Notwithstanding this, there are many sincere and devoted parents, who, like their children, are going to remind us that “times have changed,” who are going to remind us that women, old or young, are no longer confined to the home—that ofttimes girls go out to make their own way at a relatively early age, just as boys do, and that there is virtually no profession, or occupation, or activity closed to them-that there is virtually no place on the face of the earth—or no kind of company, or no social situation in which, under present conditions, women, old and young, may not find themselves. All this is true. Times have changed.
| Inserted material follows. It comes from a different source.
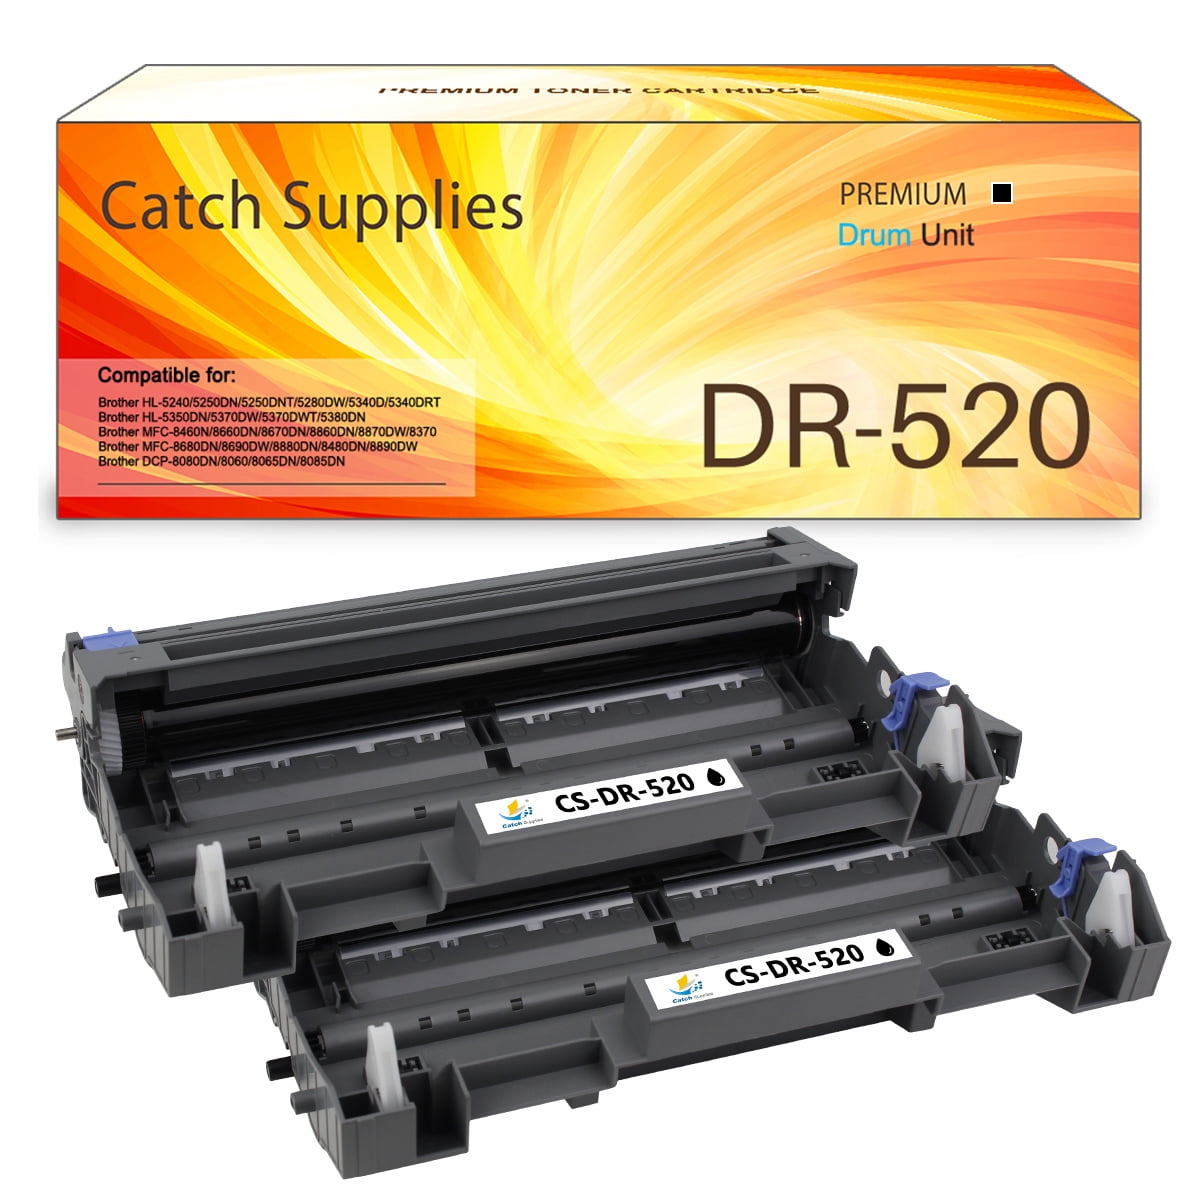 Catch Supplies Compatible Drum Unit Replacement for DR-520 Dcp-8060 8065 HL-5240 5250 Mfc-8460 8470 8660 8670 8860 8870 Printer 2-Pack) - Walmart.com
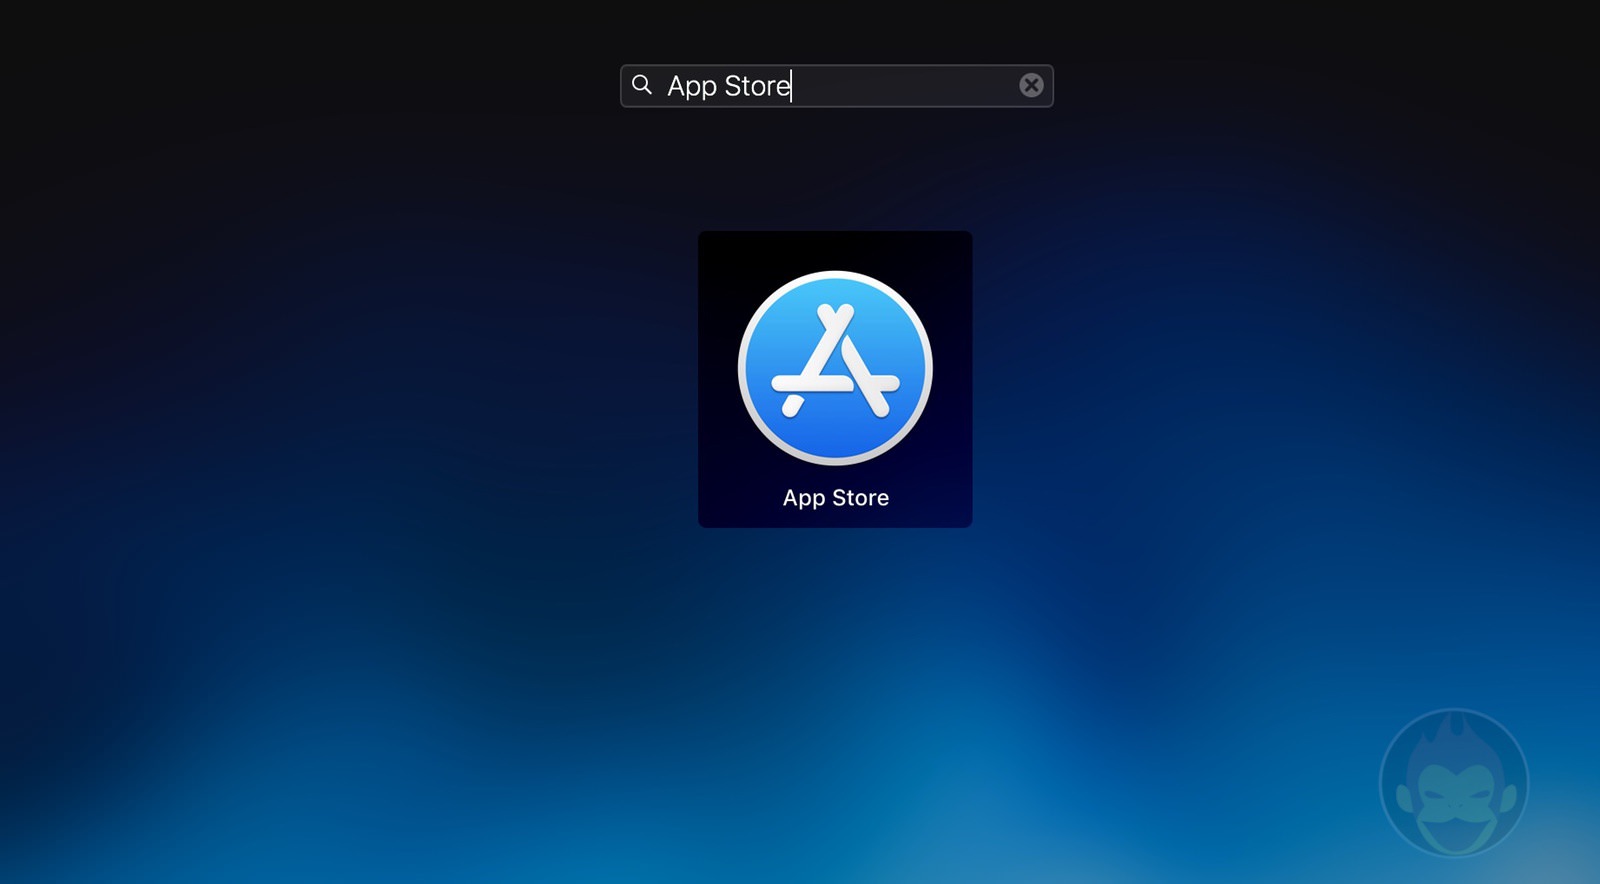 Mac-App-Store-Icon-01.jpg

In our day women go to war, as well as men; women do much of the world’s work; women are people in their own right, and any man who forgets it may expect to be quickly reminded of it. The so-called emancipation of women is irrevocable, for which we are all grateful—but it would be surprising indeed if a movement that had brought with it so much good had not also brought with it some things which are not altogether good—and because some bad things have been ushered in with some good things doesn’t mean that we have to accept them both. We still have the right and the obligation to discriminate between the two and to accept what is good and to reject what isn’t—even if times have changed. And if, perchance, there are conditions or practices or places in society where young women who desire to maintain their principles and their ideals, are induce ‘d or coerced to do otherwise, then it is up to us, as members of society, to see that such conditions and places and practices are eradicated. Where modern emancipation has given women a desirable freedom, we may be grateful for it, and where evils and abuses have accompanied that freedom, it doesn’t necessarily mean that we have to take the abuses in order to have the freedom.

Just because times have changed is no excuse for gullibly swallowing everything that men call “modern” whether it be good or bad. To accept a new thing which is good is progress; to accept a new thing which is bad is false, and foolish, and stupid. Times may have changed, but good and evil have not—and neither has the obligation to discriminate between them.

By Richard L. Evans, spoken from the Tabernacle, Temple Square, Salt Lake City, Sunday, Feb. 13, 1944, over Radio Station KSL and the nationwide Columbia Broadcasting System. Copyright – 1944.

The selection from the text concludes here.